Through proper and timely planning, parents can provide substantial security and protection for their children with disabilities and also help ensure that they enjoy a good (and hopefully great) quality of life.

BY IRA M. FINGLES, ESQ.

No one likes to think about death. But when children are born, especially those with disabilities, planning ahead can be one of the most loving things a parent will ever do.

Most parents know they should engage in thoughtful planning to ensure the well-being of their loved ones in the event of their death or incapacity. Integral to this process is the establishment of an estate plan that directs such things as who receives the property of a parent who passes away; who will serve as guardian of any minor children; who will act on behalf of a parent who becomes unable to care for him or herself; and usually, the establishment of a "living will" to guide end-of-life decision-making.

IT ADDS UP: People with disabilities sometimes have particular expenses related to their disability, including physician and therapist visits, prescription drugs, over-the-counter medications, drugs, over-the-counter medications, adapted vehicles, prostheses and similar expenses.

Parents of children with disabilities must attend not only to these issues, but also to a host of additional issues related to their child's disabilities. The child may require services and benefits that are available only to people who have limited means; in these cases, leaving assets directly to the child with disabilities may cause more harm than good.
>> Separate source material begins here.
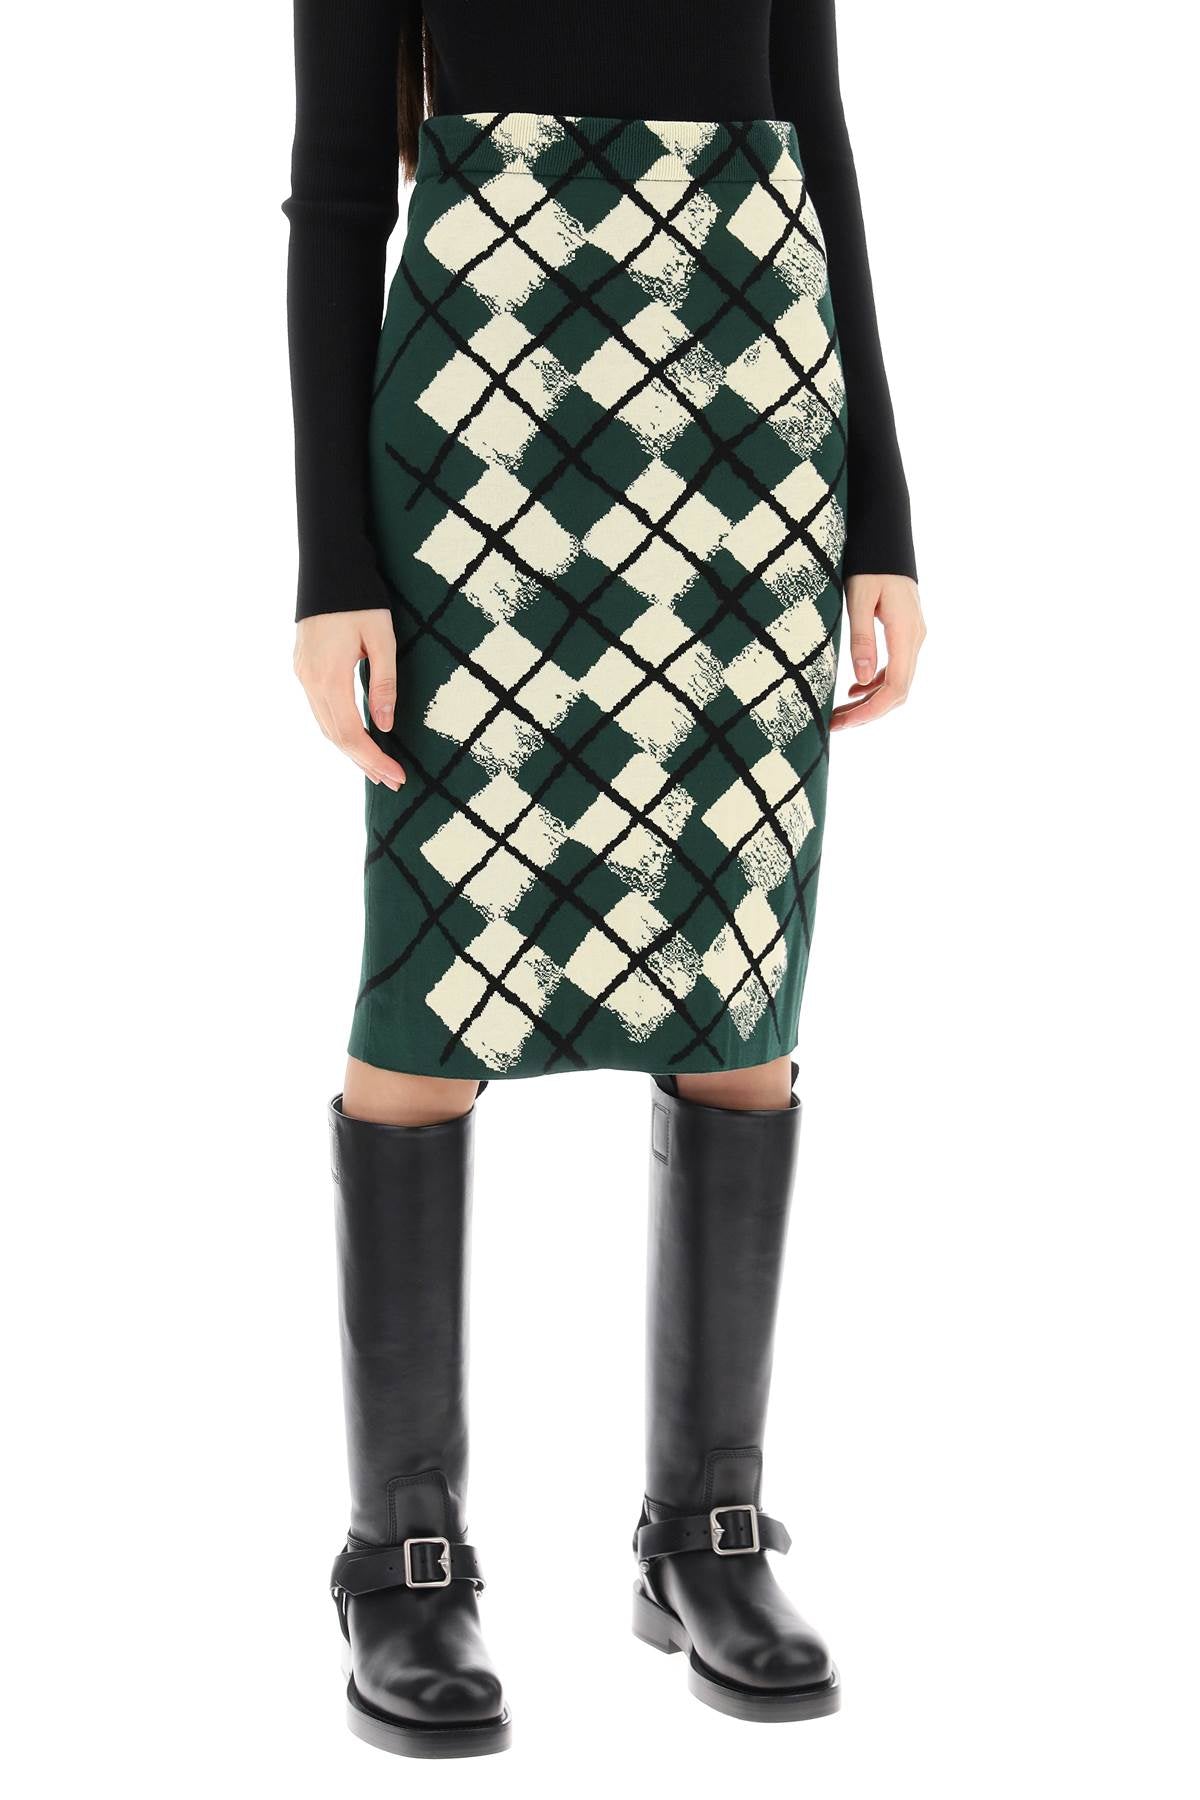 Shop Burberry Elegant Green Diamond Jacquard Skirt For Women
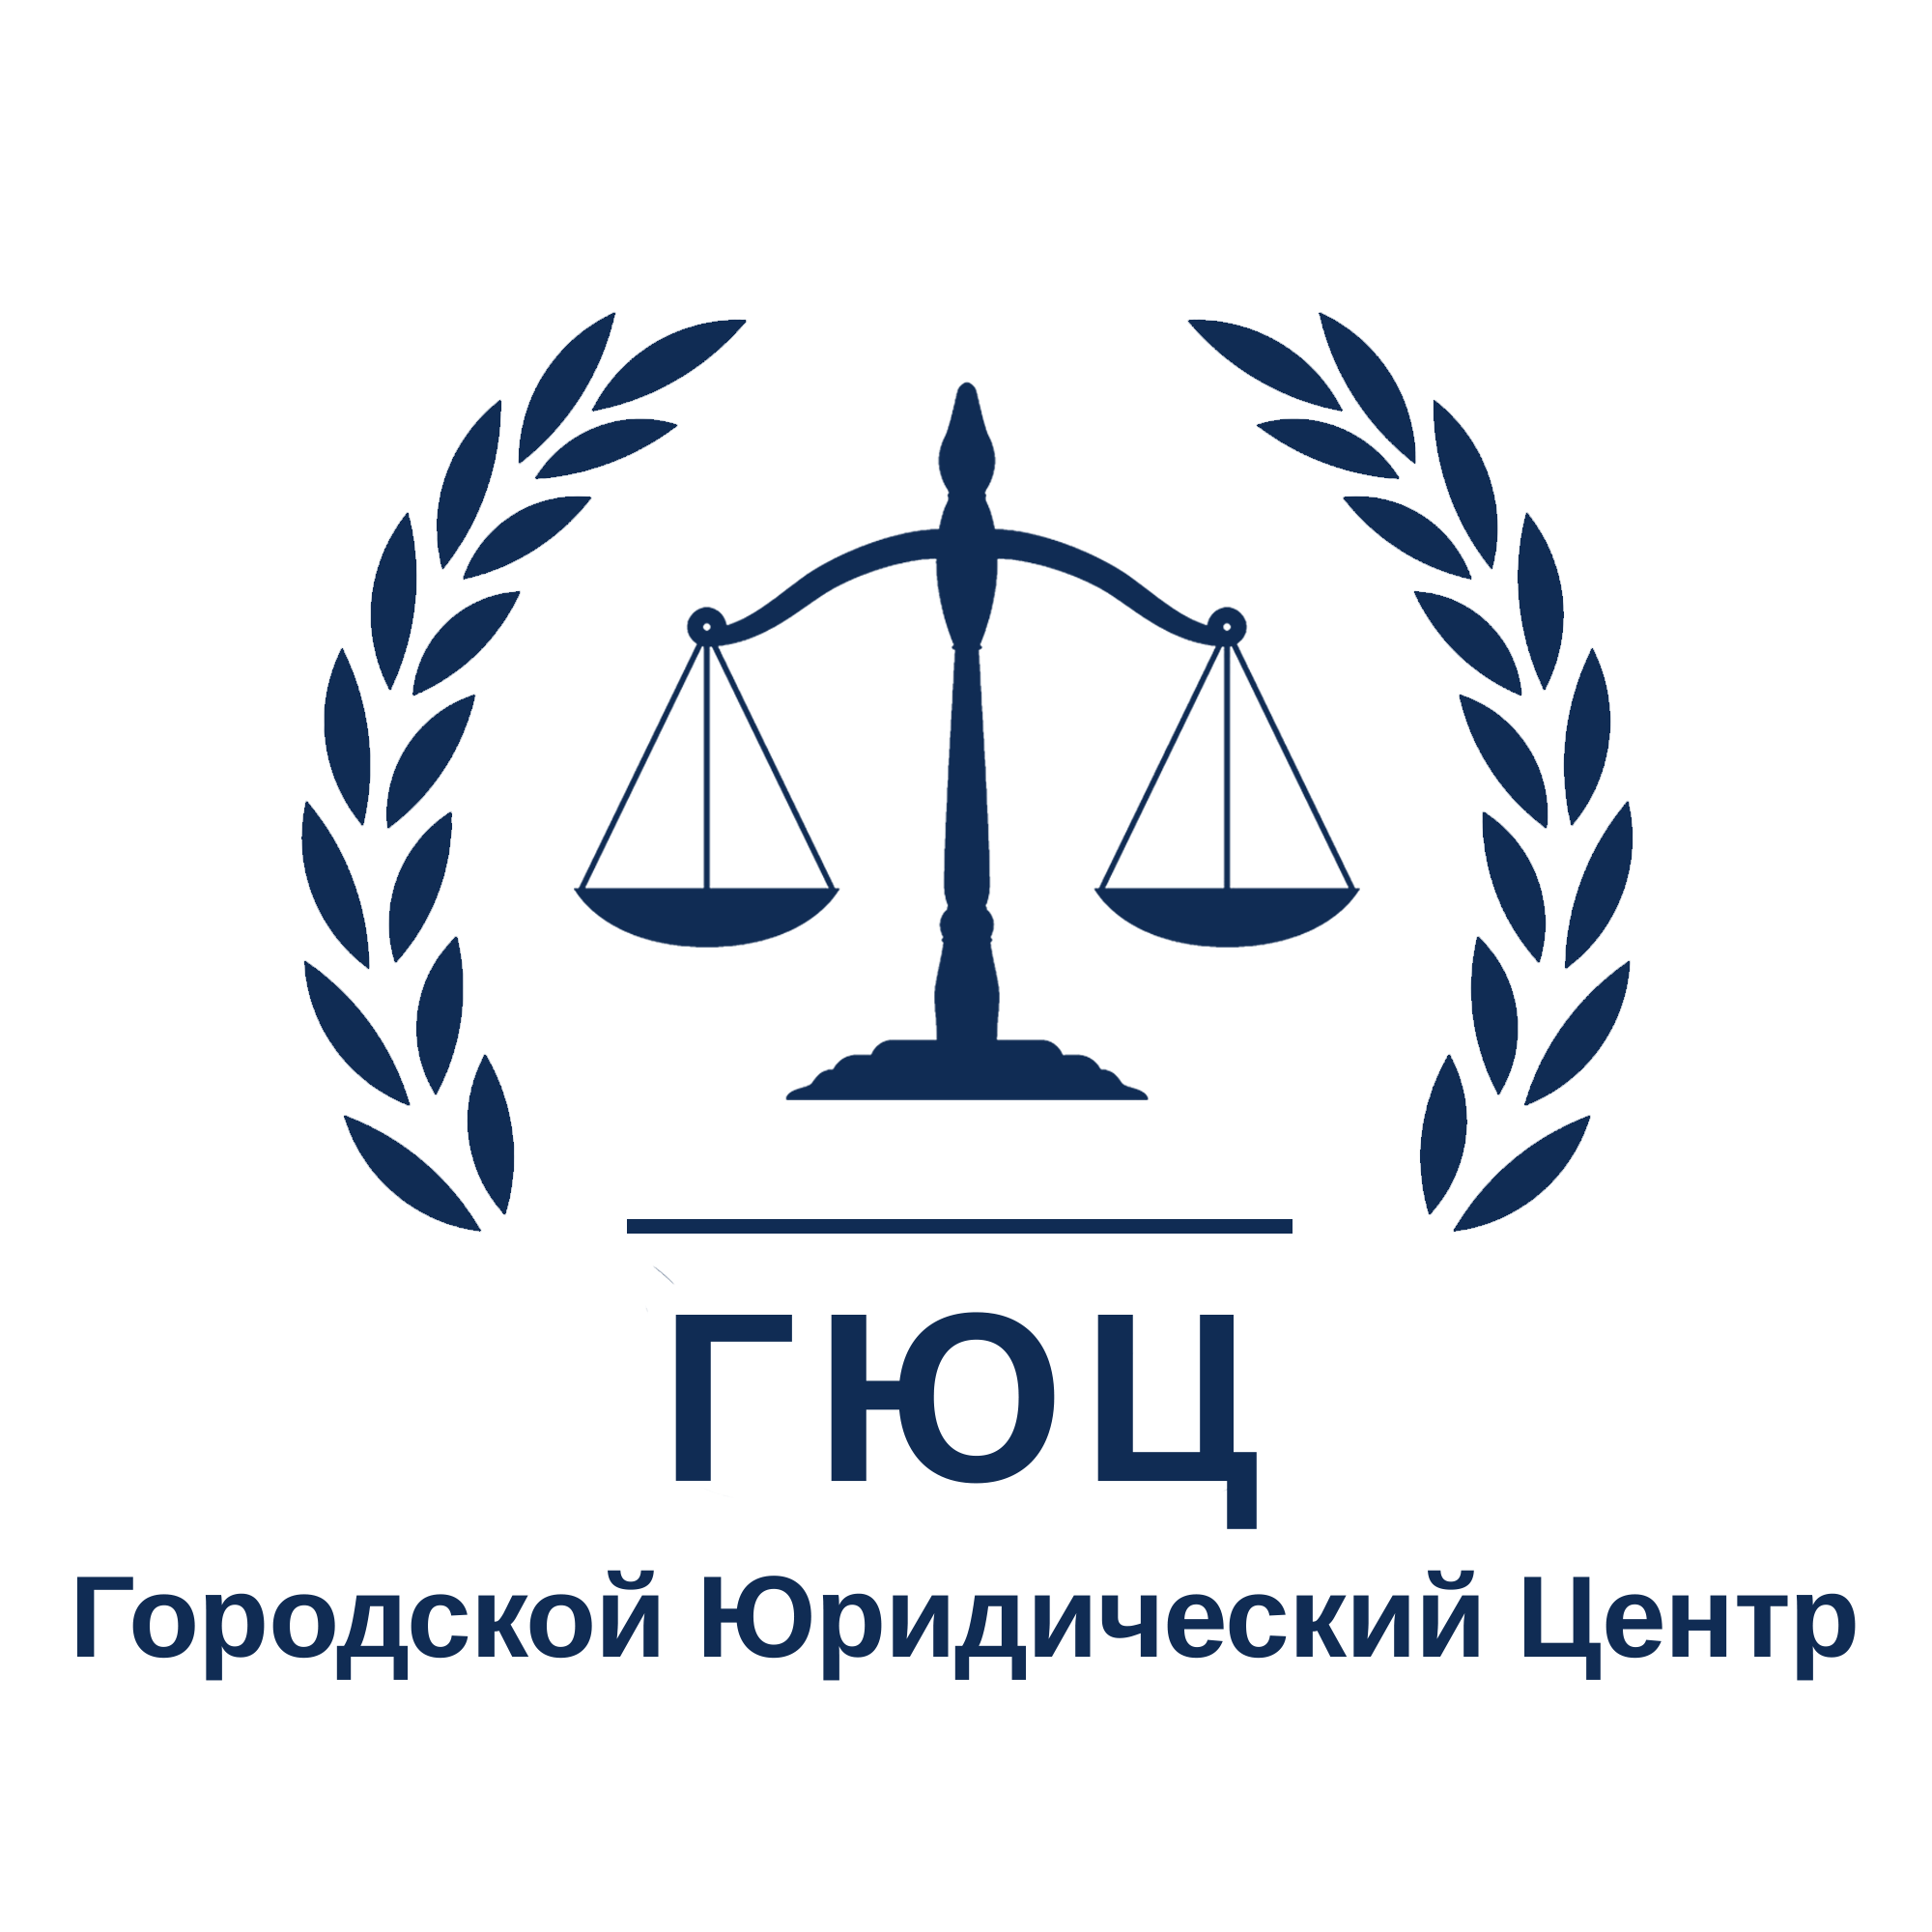 Городской юрист. Городской юридический центр логотип. Городской юридический центр Новосибирск.

Also, the financial needs of children with disabilities may continue throughout their lifetimes, long after the parents have passed away.

Through proper and timely planning, parents can provide substantial security and protection for their children with disabilities and also help ensure that they enjoy a good (and hopefully great) quality of life.

Estate Planning Documents for Typical Families

Estate Planning for Parents of Children With Disabilities: Overview

An appropriate estate plan should contain, at a minimum, the components specified above. Parents of children with disabilities, however, must consider a host of additional issues. Of paramount importance, specialized planning is required to ensure that adequate financial resources can be left for the benefit of the child with disabilities without jeopardizing access to critical public and private benefits, many of which require the recipient to have very low assets and income. Other specialized considerations arise as well. For example, in many states, specific language is needed in a parent's will to ensure that any guardian appointed under the will is able to continue to serve after the child reaches the age of majority if the child is unable to manage his or her own affairs. Specialized language in a POA can allow the agent to manage not only the parent's affairs, but those of the child with disabilities as well if necessary.

Means-tested Services and Benefits for Individuals With Disabilities

Most children with significant disabilities will require services and supports throughout their lifetimes. The cost of these services is often astronomical and unaffordable for all but the wealthiest families. Fortunately, a wide variety of public benefits and services are available that provide such critically-necessary things as medical care; employment supports or other constructive daily activity; behavioral supports; personal care assistance; and residential services. Cash assistance is also typically available to defray living costs and provide financial security, albeit limited.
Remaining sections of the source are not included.